Every person is assigned some type of duty. The father cares for the family, the child goes to school, the mother nurtures the children, the teacher teaches students, the head of state watches over the citizens, etc. In ideal circumstances, the prescribed work is accepted based on inherent qualities, or gunas. In ancient times this is how work was assigned, and the qualities were determined by those in the mode of goodness. There are three modes of material nature, and those in goodness are at the highest level. They can see things clearly, meaning they know the difference between matter and spirit. They can thus assess material qualities in others and then give the prescribed duties, which are originally handed down in the Vedas, the first scriptural tradition of this world.
Krishna is the origin of the Vedas, so He is the person who first instituted the prescribed duties. Those in the mode of goodness read the Vedas, study Vedic wisdom, perform sacrifices, and teach others to perform sacrifice as part of their duties. The martial class, those in the mode of passion, runs the government, protects against foreign attack, and gives in charity. The business section generates wealth, produces food, and protects cows. The laborer class serves the three higher classes, and in each division the participants are suited for the work based on their qualities. Prescribed work is the real meaning to karma, as it aims to provide fruits that are worth having.
Though Krishna doesn’t have to do anything, He still does pretty much everything. If He were to give a presentation before a classroom, there would be no end to His discussion. This is because He can go on and on about everything He has done in the past, does right now, and will do in the future. Through a simple exhalation He generates this and many other universes. Through an inhalation, everything comes back into Him. And just as we breathe in and out many times in a day, so Krishna creates, maintains and annihilates the creations over and over again.
Even the work assigned to deputies like saints and demigods is in one sense done by Krishna, who is responsible for the creation of the elements used to carry out that work. The very act of describing Krishna is also something done indirectly by the Lord, which means that there is infinite recursion in the definition of the Supreme Lord.
Krishna does all this work to set a good example and also to derive pleasure. Just as the father is appreciated by the son for the love that he offers and the work that he does, we too can honor the Supreme Lord for all that He does for us. And that act of honoring will bring us the greatest pleasure, simultaneously providing meaning to all the other work that we do.

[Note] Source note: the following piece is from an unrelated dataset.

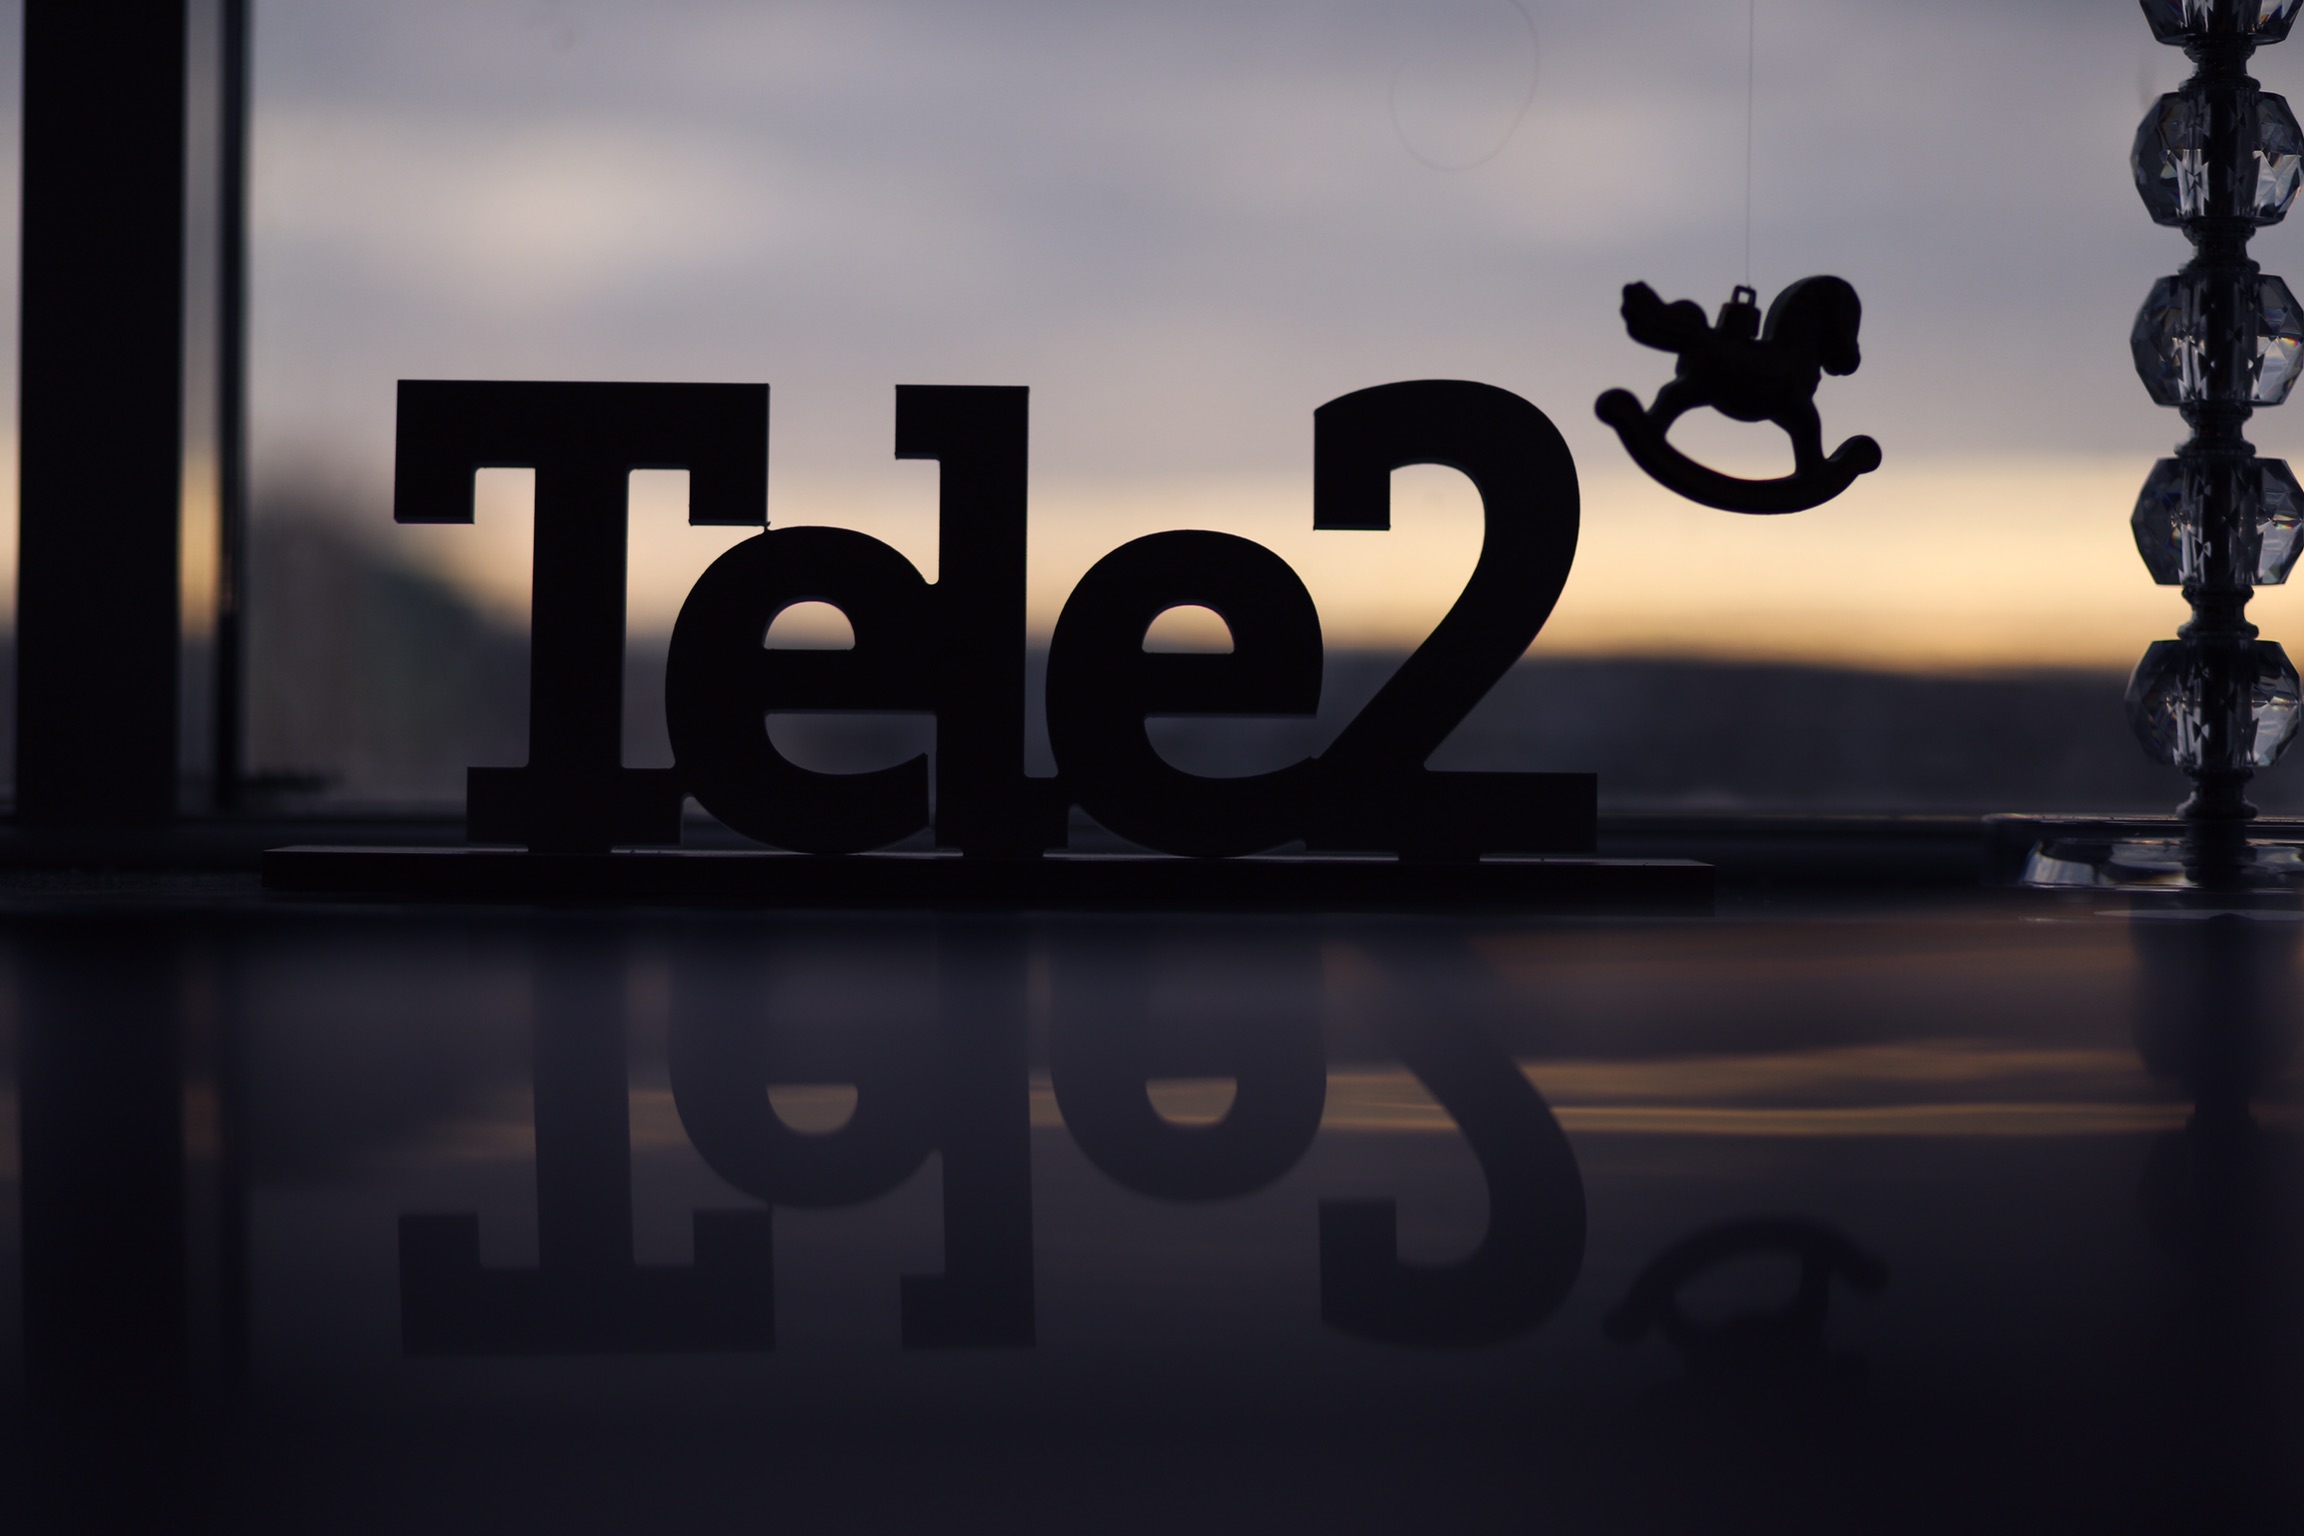    tele2   2021-

Ultimately, we work to maintain something, so if our work is done to maintain the connection to Krishna in a loving mood, then it is worthwhile. The loving mood is best created through the chanting of the holy names in full surrender. Repeating, “Hare Krishna Hare Krishna, Krishna Krishna, Hare Hare, Hare Rama Hare Rama, Rama Rama, Hare Hare”, is work that can be done anywhere, and if there is some faith applied in the chanting process, the rest of the work will be adjusted properly. If the supreme father works for our benefit, then we can surely work for His, glorifying Him with our sacrifice.
Father of student to classroom invite,
So that inspiration in students to ignite.
To describe his work opportunity he takes,
Explains how a living with action he makes.
Supreme Lord is the father in a sense too,
He takes to working though He has nothing to do.
The entire creation He does start,
Of Him His energies are also a part.
To His work there is never an end,
So your heartfelt obeisances to Him send.